Areas of relative weakness include reinvestment efficiency (3.1/20) and economic value creation (6.9/20). Capital turnover N/A, R&D intensity 8.8%. Improvement in these areas could meaningfully widen the moat over time, while deterioration would be an early warning of competitive erosion.
Our moat trend assessment is Stable. Multi-year ROIC and operating margin trajectories show neither meaningful improvement nor deterioration, suggesting the competitive position is steady. We expect Innoviva, Inc.'s moat profile to remain largely unchanged absent a material shift in return on capital or industry dynamics.
Key profit drivers include gross margins of 79% providing a solid profitability foundation, operating margins of 34% reflecting effective cost management, moderate revenue growth of 8%. The margin cascade from 79% gross to 34% operating to 23.9% net reveals the company's cost structure and reinvestment intensity. Our analysis indicates that profit quality is adequate though not exceptional, with the quality factor at the 59th percentile.
The margin profile shows gross margins of 79%, operating margins of 34%, net margins of 23.9%. Return metrics include ROE of 10.7% and ROA of 7.6%. Relative to the Manufacturing sector, gross margins are 36.1 percentage points above the sector median of 43%, and ROE of 10.7% compares to a sector median of -2.5%.
The balance sheet reflects moderate leverage with D/E of 42%, revenue growth of 8%. The sector median D/E is 0%, putting Innoviva, Inc. at higher leverage than the typical peer. The combination of low leverage and healthy profitability provides significant financial resilience and strategic optionality.
Above 50MA
37.18%
Net New Highs
+51081
Innoviva, Inc. (INVA) is gaining investor attention due to its strong growth potential, strategic focus on pharmaceutical products like respiratory medications, and promising development pipeline including Zoliflodacin. The company boasts remarkable revenue growth, robust EPS, and an impressive free cash flow, with analysts projecting a 43.17% potential upside. Innoviva's strategic reinvestment of profits and collaborations further strengthen its competitive edge in the biotechnology industry.

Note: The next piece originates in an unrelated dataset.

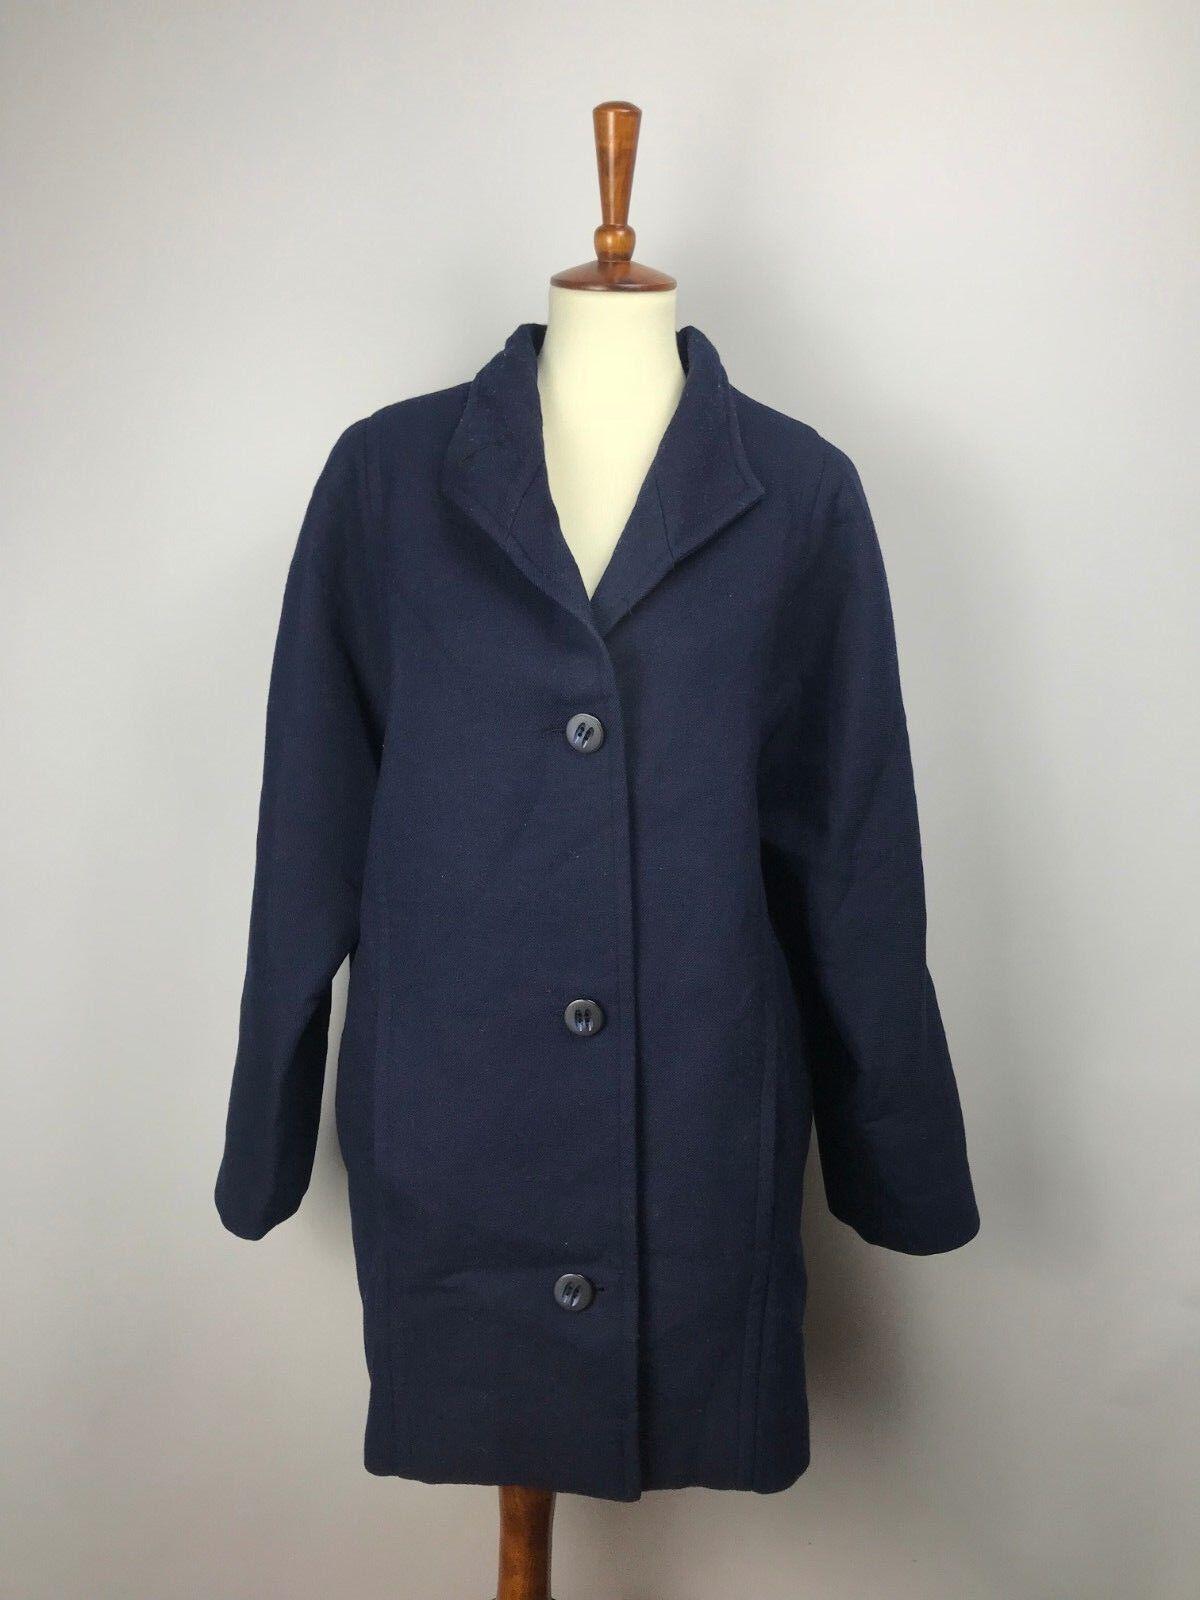 Nina Ricci Boutique Paris Wool bluee Coat 40 12 L Large France Luxury Rare

Allianz Asset Management GmbH significantly increased its stake in Innoviva, Inc. (NASDAQ:INVA) by 139.2% in the third quarter, now holding 196,831 shares valued at $3.59 million. Institutional investors collectively own 99.12% of the company, which trades at $21.84 with a market cap of $1.63 billion. Analysts have a "Moderate Buy" consensus rating with a target price of $38.80, and several firms have recently raised their price objectives.
This article identifies Innoviva Inc (NASDAQ:INVA) as a compelling value investment due to its low valuation compared to its industry and the wider market. The company demonstrates strong financial health with high profitability and robust earnings power, suggesting it is not a "value trap." Furthermore, Innoviva shows accelerating growth projections for both EPS and revenue, indicating potential for market reassessment and future appreciation.
Innoviva, Inc. (NASDAQ:INVA) has received a consensus "Moderate Buy" rating from seven brokerages, with an average 12-month price target of $38.80. The company recently surpassed earnings expectations, reporting an EPS of $1.08 against an estimated $0.46 and revenue of $107.8 million versus $91.31 million. Institutional ownership of Innoviva is significant, with major funds increasing their stakes, underscoring confidence in the royalty-focused life sciences company.
Innoviva (NASDAQ:INVA) shares recently passed above their 200-day moving average, trading as high as $19.83 before settling at $19.55. This technical positive aligns with a "Moderate Buy" consensus from analysts, who anticipate a price target of $38.80. The company also reported strong quarterly earnings, exceeding expectations with $1.08 EPS and $107.8 million in revenue.